Nutritional Information (per serving)

Nutrient Amount
Calories Approximately 120
Protein 2 g
Carbohydrates 16 g
Dietary Fiber 3 g
Sugars 4 g
Fat 5 g
Sodium Varies with salt

Preparation Time

Type Time
Prep Time 10 minutes
Cook Time 30 minutes
Total Time 40 minutes

Servings

Number of Servings
2

Instructions Table

  1. Prepare the Pumpkin: Begin by peeling, deseeding, and cutting the pumpkin into approximately ¾-inch cubes. Set the cubes aside.

  2. Chop the Green Chillies: Finely chop the green chillies and set them aside as well.

  3. Dry Roast Spices: In a kadai or skillet over medium heat, dry roast the fennel seeds and whole black peppercorns until they become fragrant, which should take about 2–3 minutes. Once roasted, transfer them to a bowl and allow them to cool.

  4. Cook the Pumpkin: In the same skillet, heat the sunflower oil over medium heat. Add the pumpkin cubes and stir in the salt. Cook the pumpkin for a few minutes until it begins to soften.

  5. Add Ingredients: Reduce the heat to low, then add sugar, additional salt, and the chopped green chillies. Stir well to combine all the ingredients.

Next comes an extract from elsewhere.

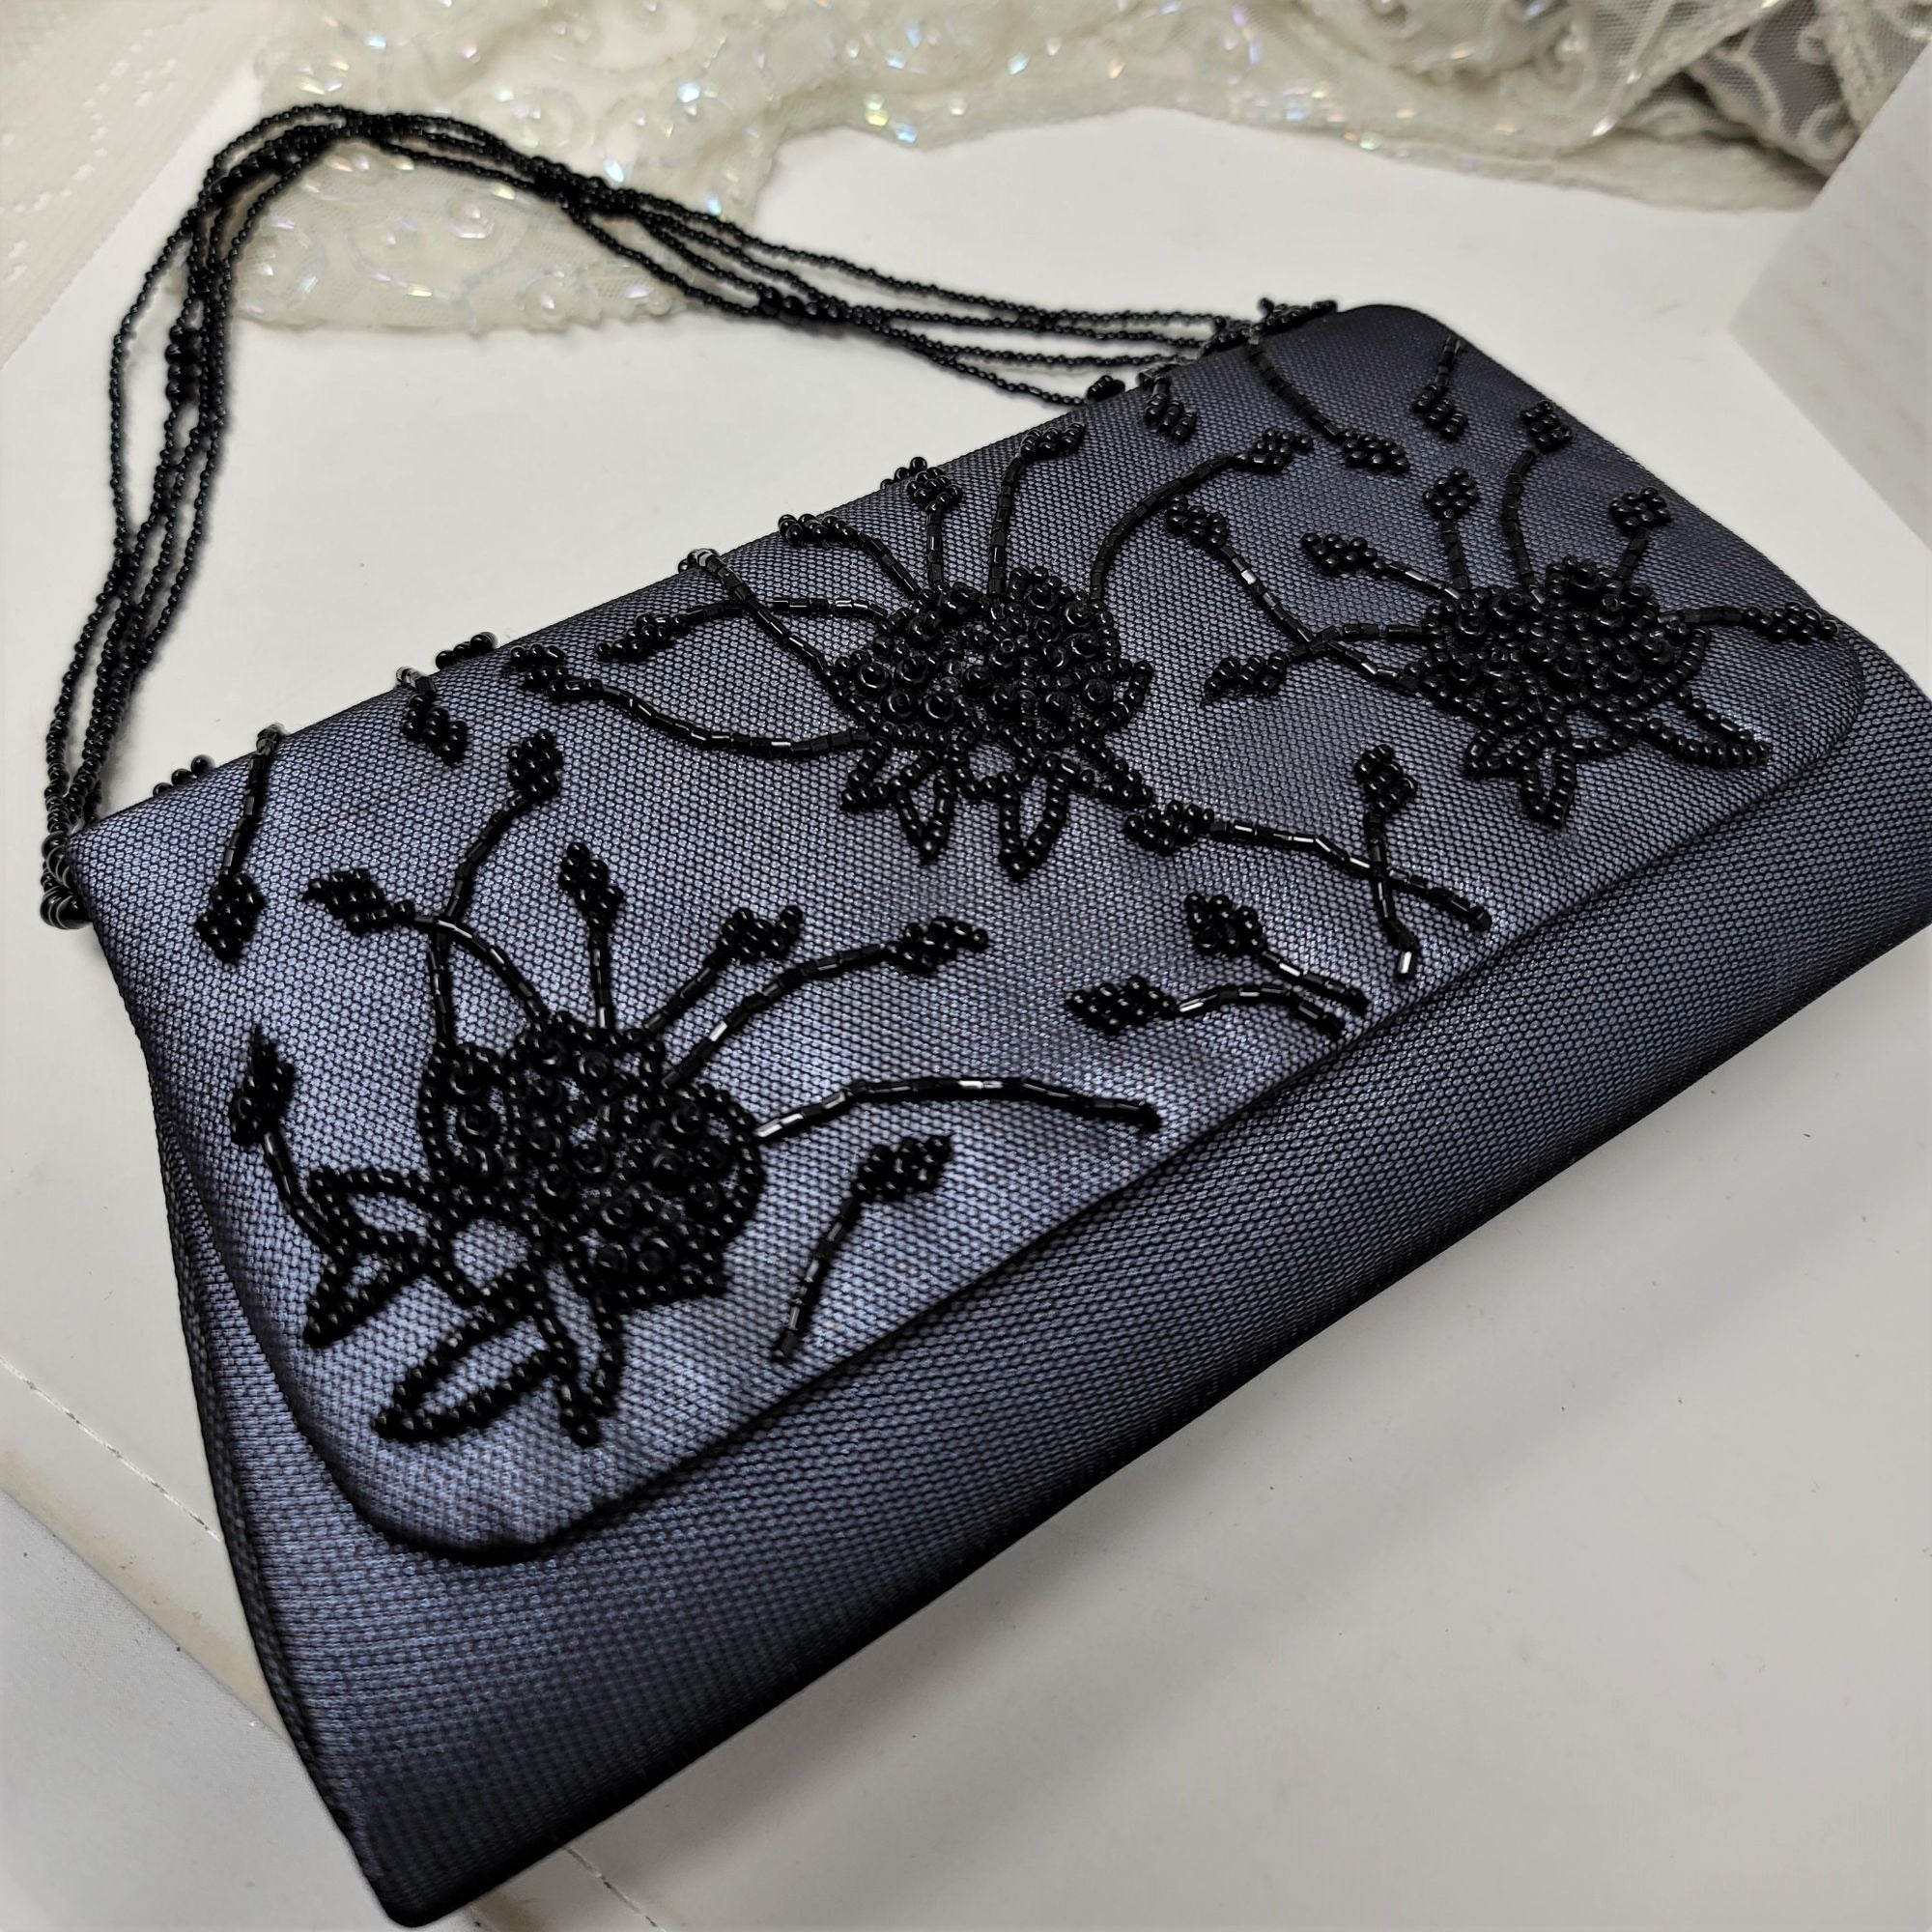 Black Beaded Evening Handbag Purse Floral Pattern
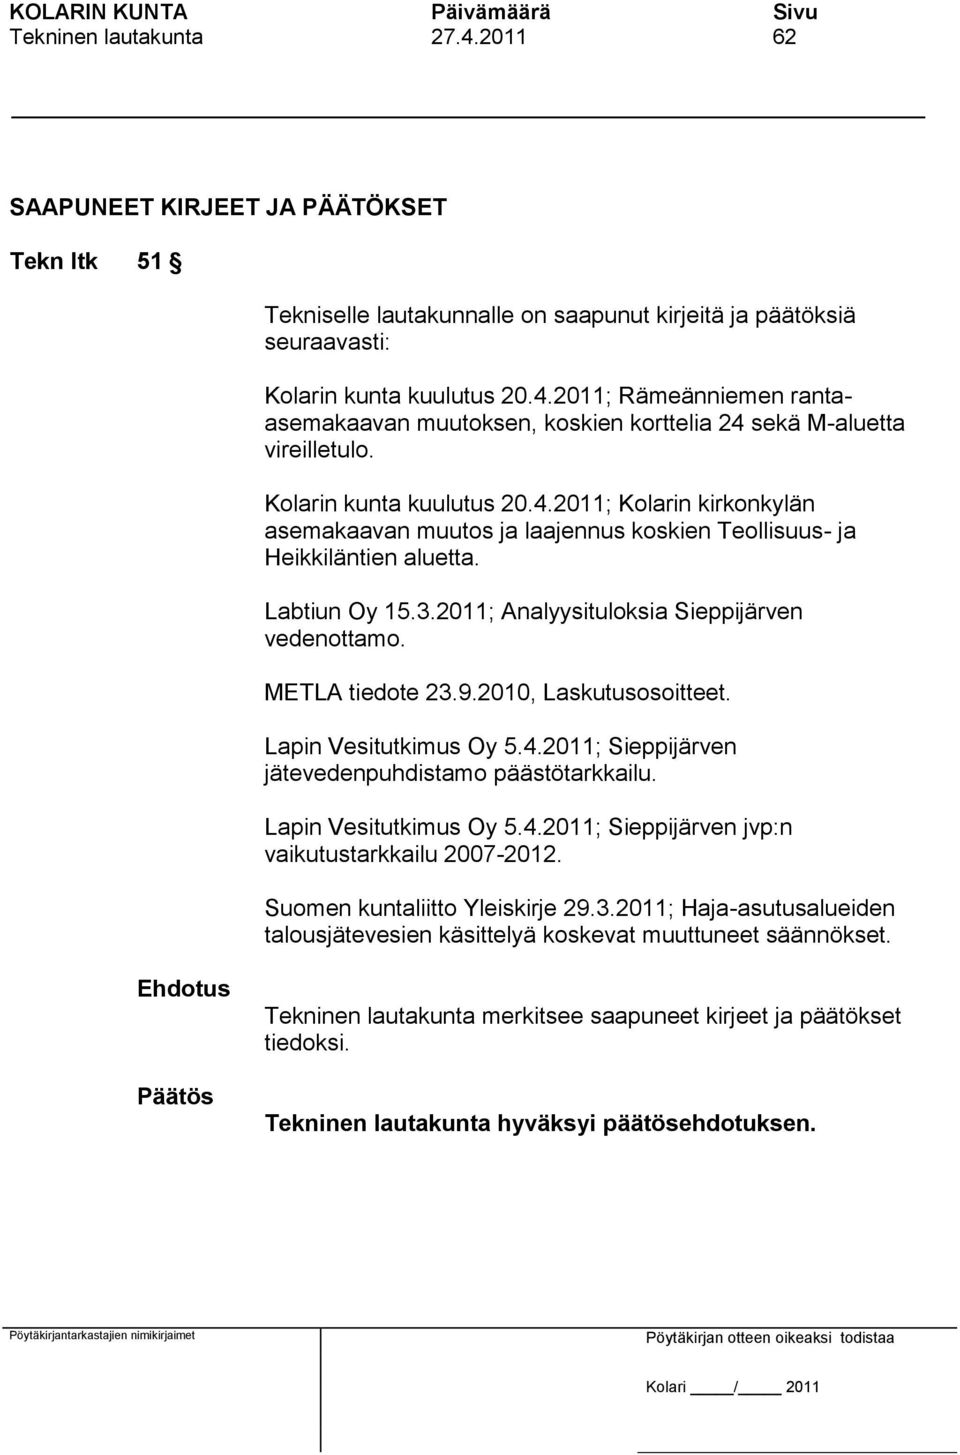 METLA tiedote 23.9.2010, Laskutusosoitteet. Lapin Vesitutkimus Oy 5.4.2011; Sieppijärven jätevedenpuhdistamo päästötarkkailu. Lapin Vesitutkimus Oy 5.4.2011; Sieppijärven jvp:n vaikutustarkkailu 2007-2012.

Cover the skillet with a lid and let it cook until the pumpkin is thoroughly softened and cooked through, about 15–20 minutes.

  6. Make the Spice Powder: Meanwhile, using a mortar and pestle or a dry spice grinding jar, pound the roasted fennel seeds and black peppercorns into a coarse powder.

  7. Combine Everything: Once the pumpkin is tender, open the lid of the skillet and add the fennel-pepper powder along with the dry mango powder. Stir everything together, adjusting salt and spices to your taste. Cook for an additional minute, then turn off the heat.

  8. Finishing Touches: Stir in the finely chopped coriander leaves, allowing the flavors to meld.

  9. Serve: Serve the Khatta Meetha Petha hot, alongside freshly made phulkas and raita for a balanced and delicious meal. This dish also makes for a great lunchbox option when paired with a refreshing glass of buttermilk.


With its perfect balance of sour and sweet flavors, Khatta Meetha Petha is not just a dish; it’s an experience that reflects the essence of Indian cuisine. Whether you’re savoring it at home or taking it along for a picnic, this yellow pumpkin sabzi is sure to delight your taste buds and nourish your body. Enjoy!